Quark-Gluon Plasma Explained
Right after the Big Bang, at a millionth of a second, the universe was consumed by an incredibly dense plasma. It was immensely hot that no nuclei or nuclear particles could exist. According to Physics Central, the plasma that consisted of the universe was made up of quarks, or particles that consisted of elementary particles, nucleons, and gluons that carry force between the quarks.
CERN explains that gluons, on the other hand, are particles that are exchanged by quarks as they interact or mediate the strong, attractive forces between quarks. Plasma is an ionized gas. But unlike the plasma we see as lightning bolts, quark-gluon plasma consists of exotic particles. Additionally, the interaction between quarks and gluons is not typical to other particles; they attract each other more strongly, in low temperatures and densities, as they separate, which explains why free quarks aren't found in nature.
Evolution of the Universe and the Recreation of Quark-Gluon Plasma
In a study published in the journal Physics Letters B, entitled "Measurements of mixed harmonic cumulants in Pb-Pb collisions..." scientists were able to recreate the primordial state of matter, quark-gluon plasma.

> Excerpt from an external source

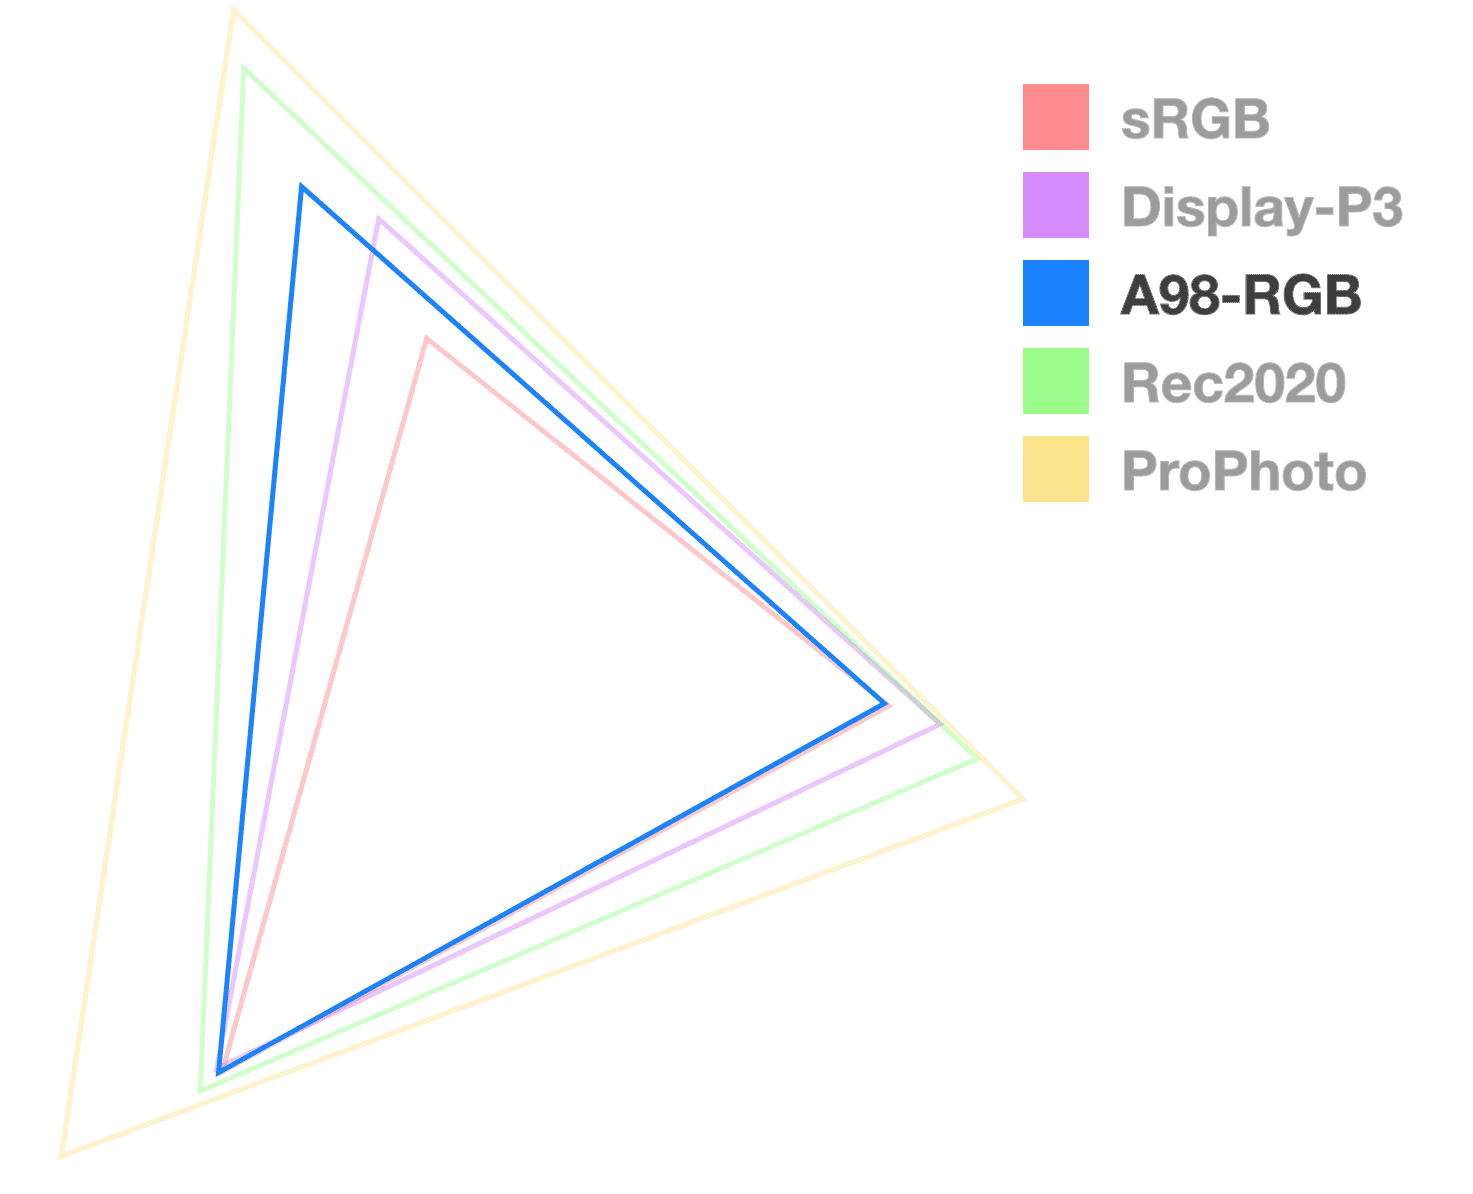 De A98-driehoek is de enige die volledig ondoorzichtig is, om de grootte van het kleurengamma te helpen visualiseren. Het lijkt op de driehoek van de middelste maat.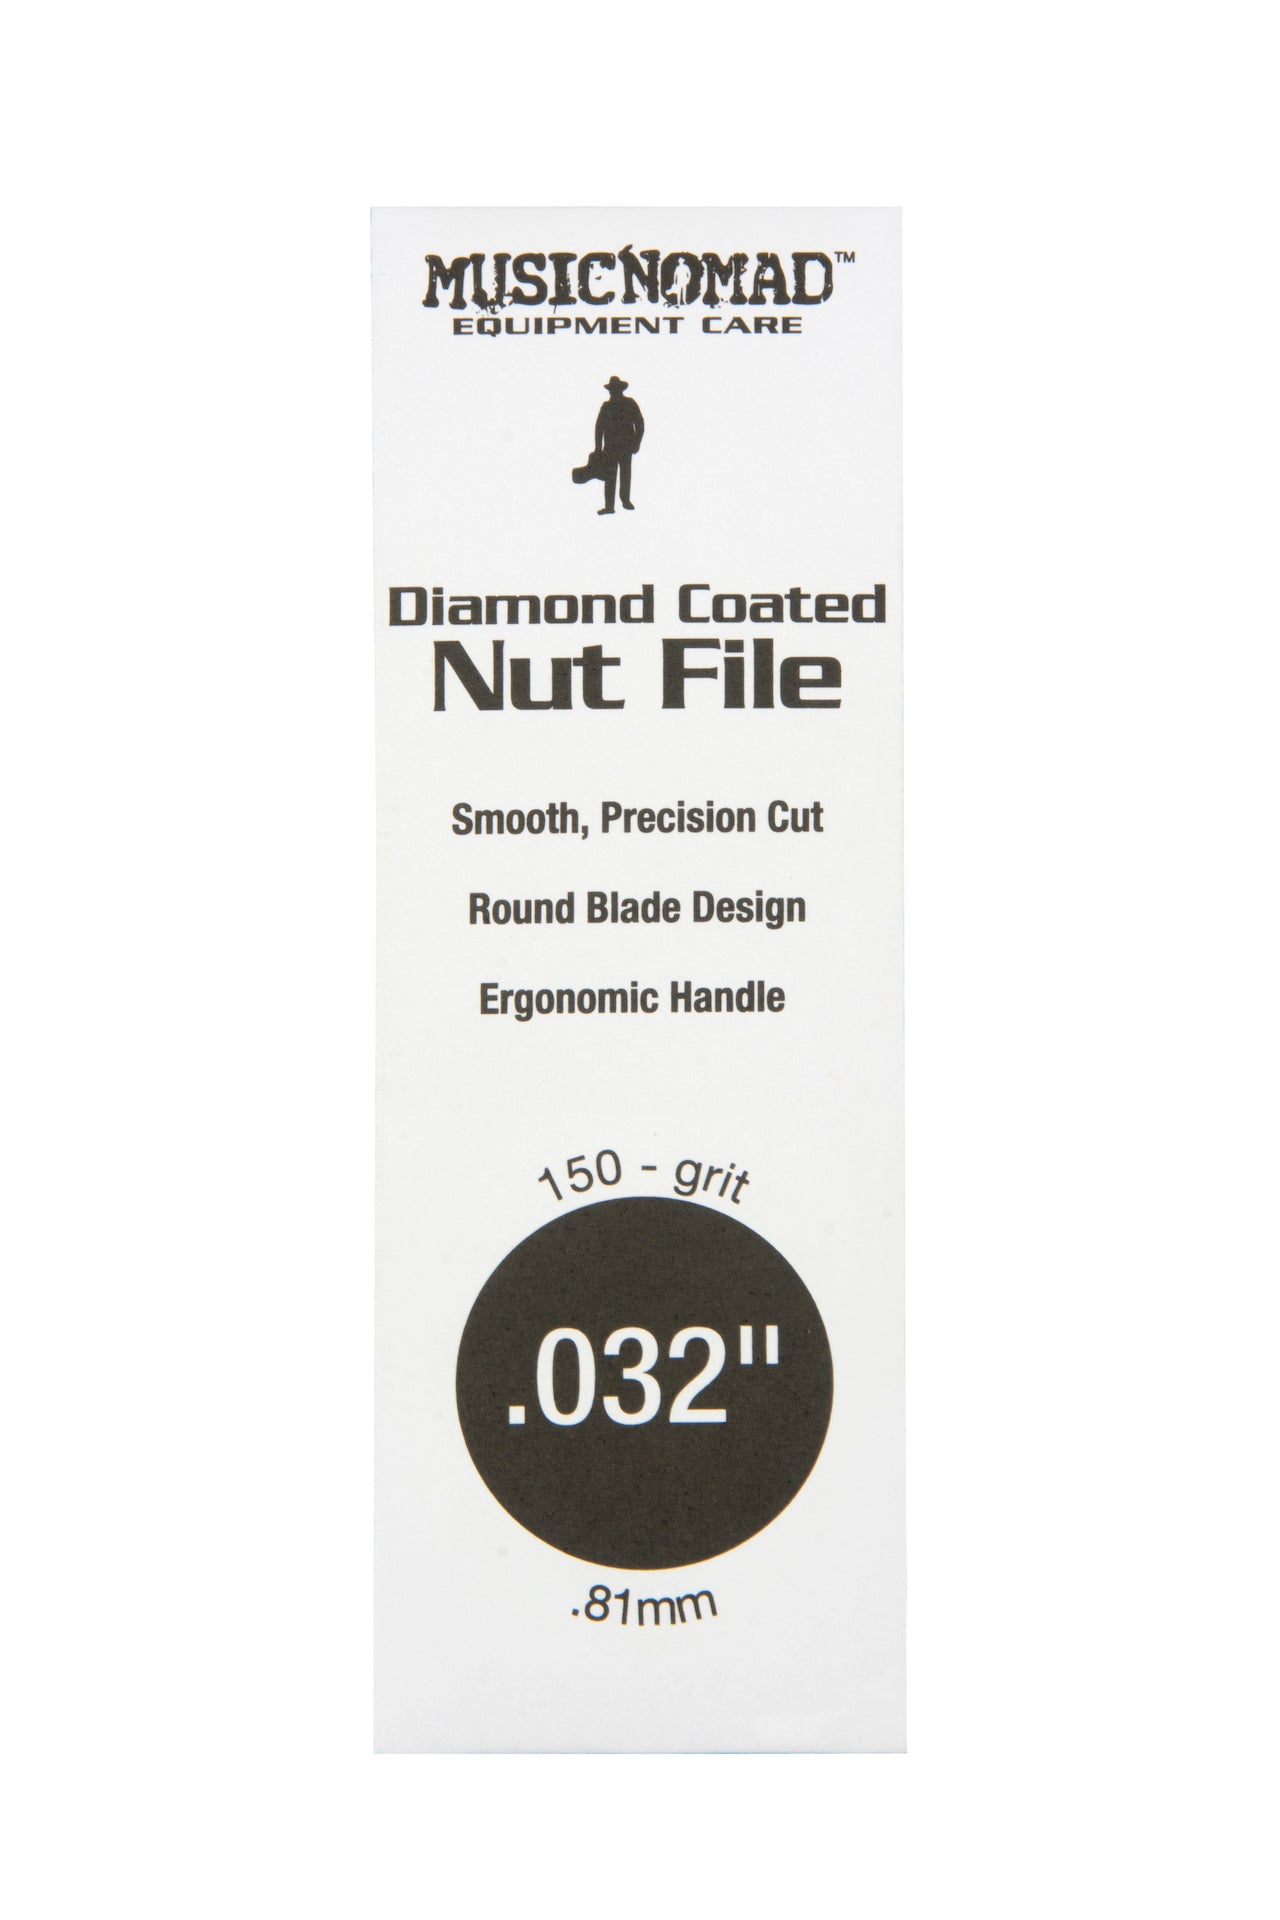 Music Nomad Diamond Coated Nut File Singles - HIENDGUITAR .032" .032" musicnomad musicnomad

You Zhou, co-author and associate professor at the Niels Bohr Institute, University of Copenhagen, Denmark, explains that the conducted study gives insight into the evolution of the quark-gluon plasma. Eventually, researchers hope that the recreation of QGP could suggest how the juvenile Universe evolved in a microsecond after the Big Bang.
After the Big Bang explosion, the Universe was believed to be a primordial soup of energy before expanding during the period of inflation that allowed the Universe to cool down and let matter form.
The first to emerge from the wreckage is known to be the quarks and gluons. As the Universe begun to cool further, the particles from subatomic particles known as hadrons, some of which are known as neutrons and protons.
Scientists recreated the primordial stew at the largest atom smasher in the world, the Large Hadron Collider on the border of Geneva, Switzerland. The team smashed heavy atomic nuclei at high speeds in order to create small fireballs that could efficiently melt particles into their primordial forms at a fraction of a second.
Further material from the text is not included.